At the last scientific meeting of the American College of Cardiology, investigators of the Dallas Heart Study presented results that shed light on the association between sedentary activities and the risk of vascular calcifications (http://www.abstractsonline.com/pp8/#!/3658/presentation/35957). The researchers measured sitting/sedentary time using accelerometer data from wristwatches (4 days minimum) and assessed the presence of vascular calcifications using computed tomography in more than 2,000 participants aged 20-76. More than half of the study participants were women and half were black. The authors confirmed that the amount of time spent performing moderate-to-vigorous physical activity was inversely associated with the presence of vascular calcifications. However, after adjusting for traditional risk factors for heart disease, this association was no longer observed, which suggest that the association between physical activity and vascular calcification could be explained by the fact that people who are physically active are younger, have a lower body weight, lower cholesterol, etc. On the other hand, the authors found that each hour of sedentary time increased the risk of having vascular calcifications by 10%, irrespectively of the presence/absence of cardiovascular risk factors. Interestingly, the association between sitting time and vascular calcifications was completely independent of the physical activity level of study participants.

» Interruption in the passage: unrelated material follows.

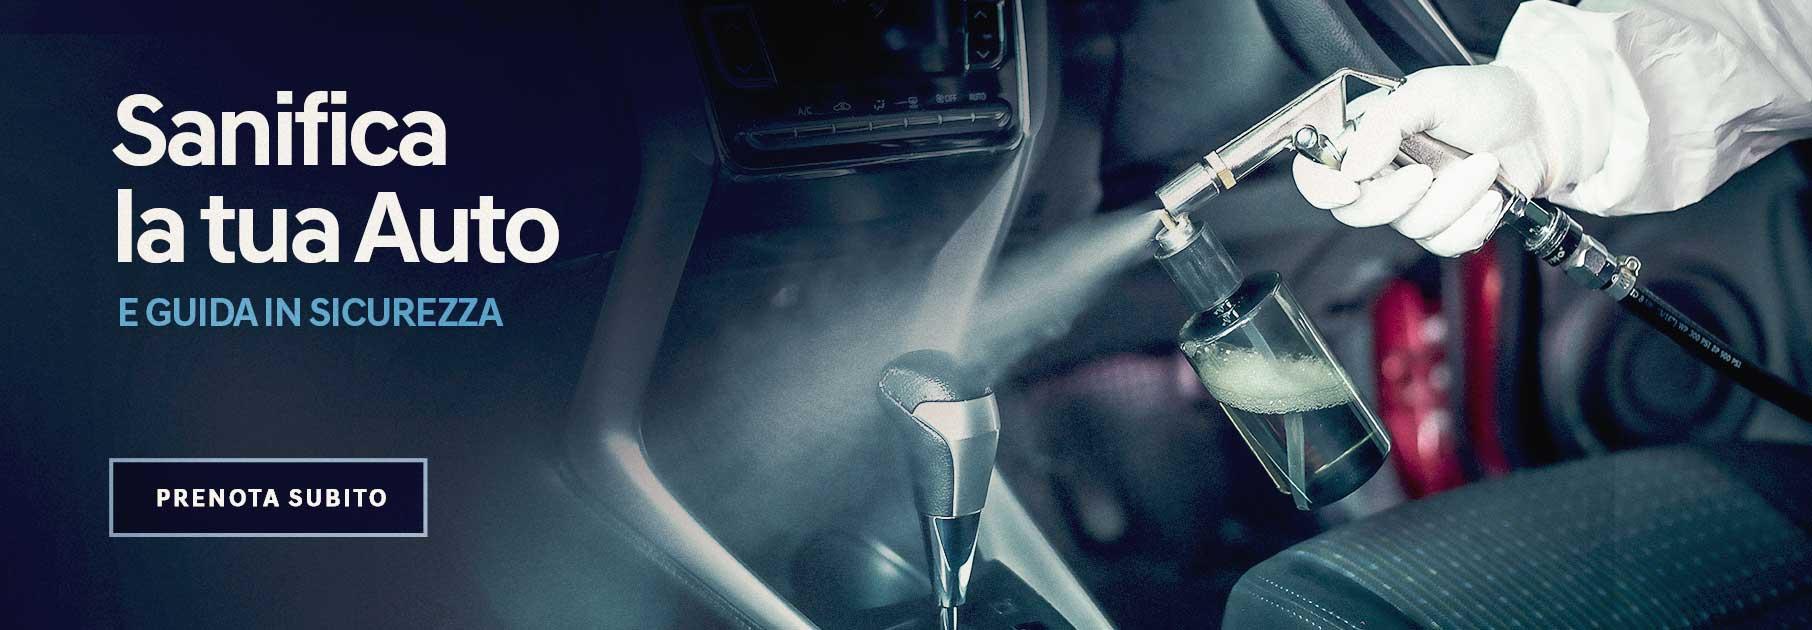 Sanifica la tua auto e guida in sicurezza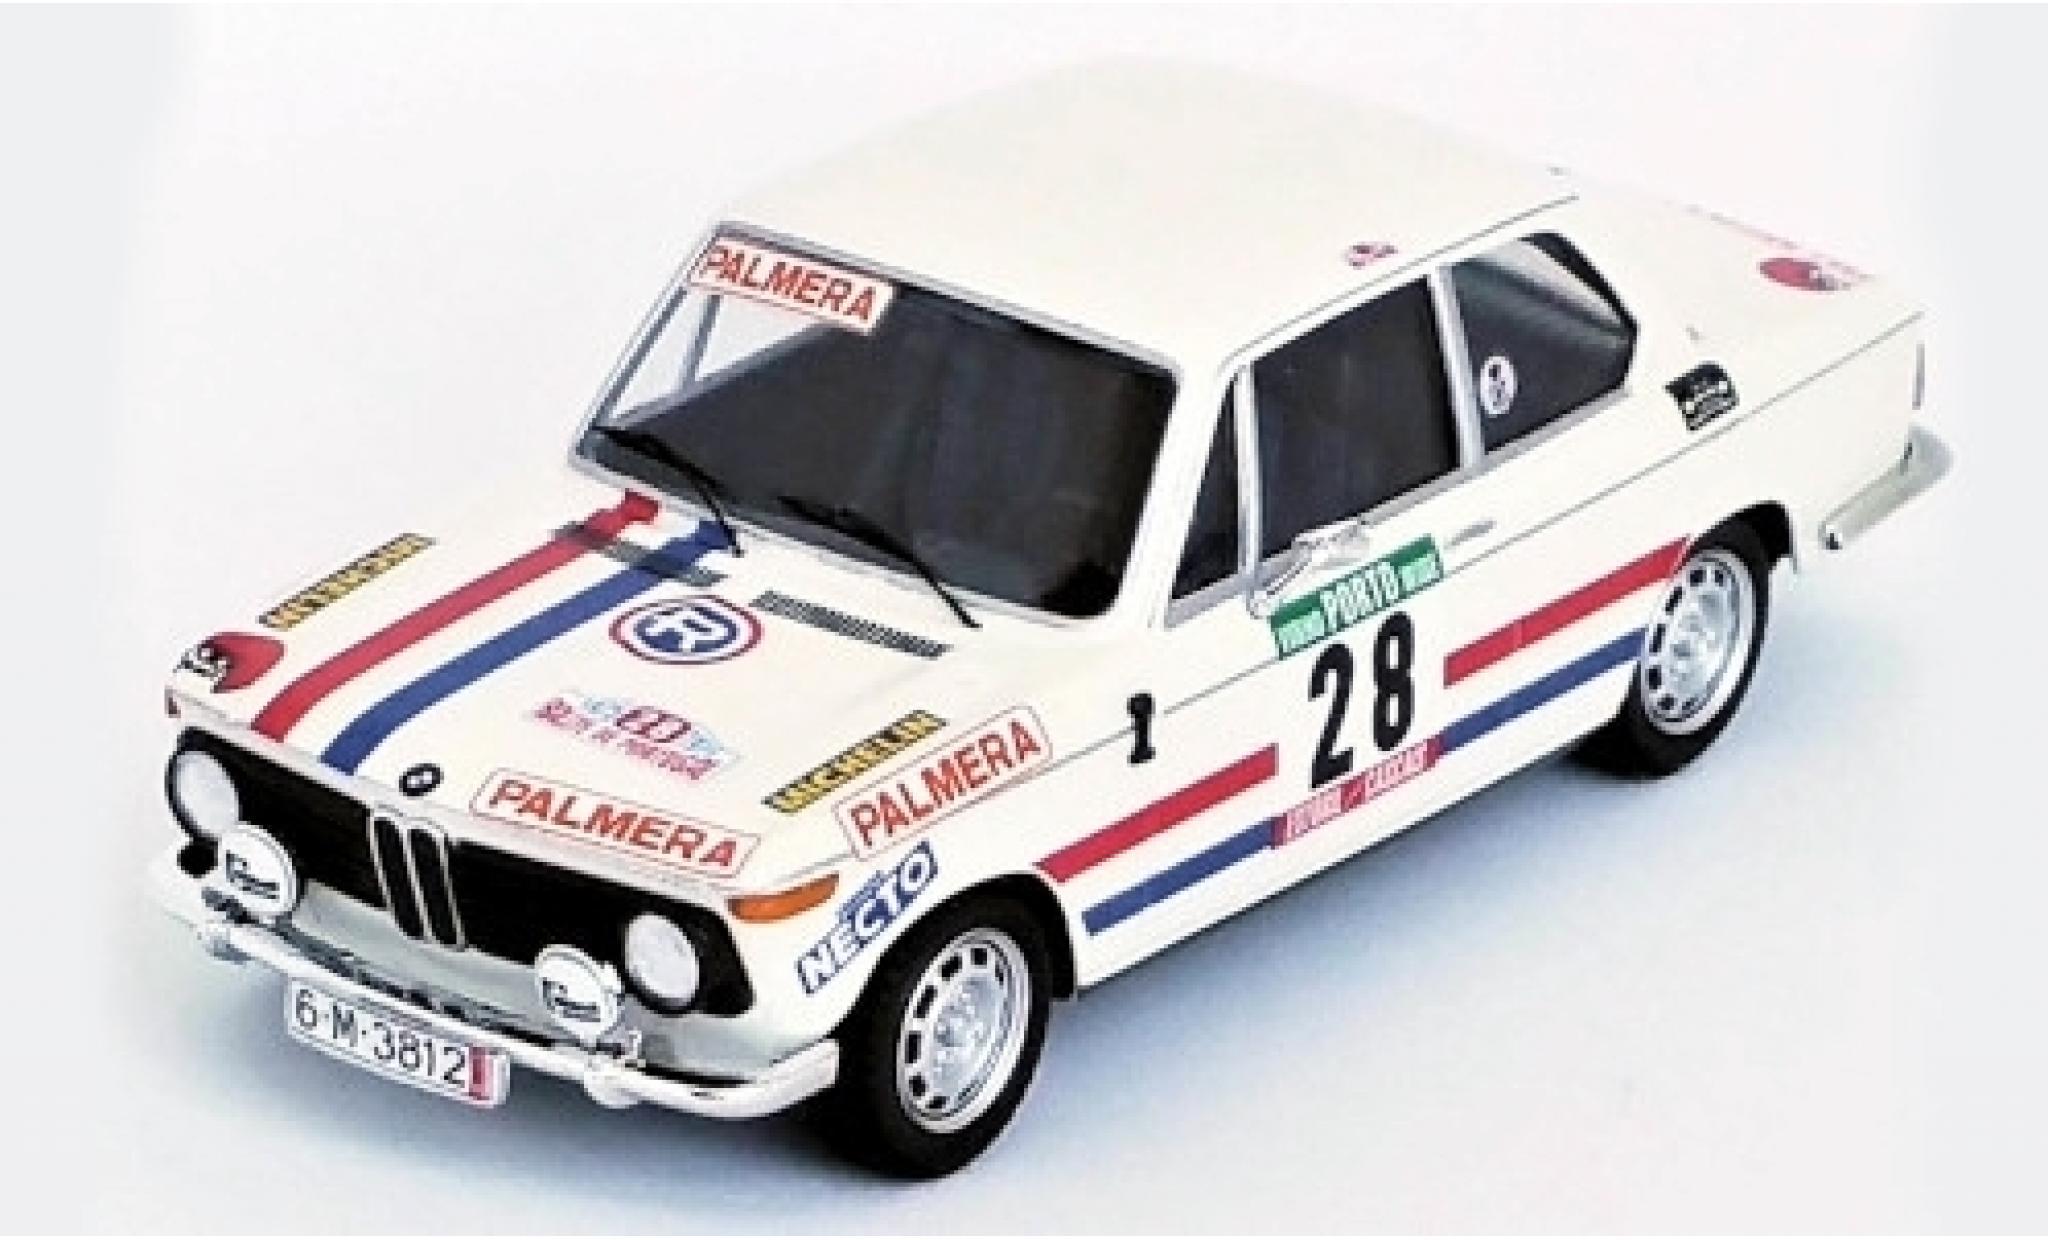 Bmw 2002 1/43 Trofeu Ti No.28 Palmera Rallye WM Rallye Portugal 1975 M.Etchebers/M.-C.Etchebers-Rives

Based on the results of this study, one might suggest that lack of exercise and too much sitting could be considered as two distinct risk factors for heart disease, sitting operating via vascular calcifications and exercise via other mechanisms. However, experimental studies will be required to confirm this hypothesis. Additionally, results of this study should have important public health implications as they suggest that targeting sedentary behaviours could be just as important as recommending people to exercise more. While physical activity levels have reached an all-time low in Western societies, recommending that people get at least 150 minutes of moderate-to-vigorous physical activity per week is more important than ever. However, although additional studies with longitudinal results are needed to confirm the results of the Dallas Heart Study, getting children and adults to decrease sitting time on top of recommending them to perform enough physical activity may eventually become our next goal in the fight against chronic societal diseases such as heart disease.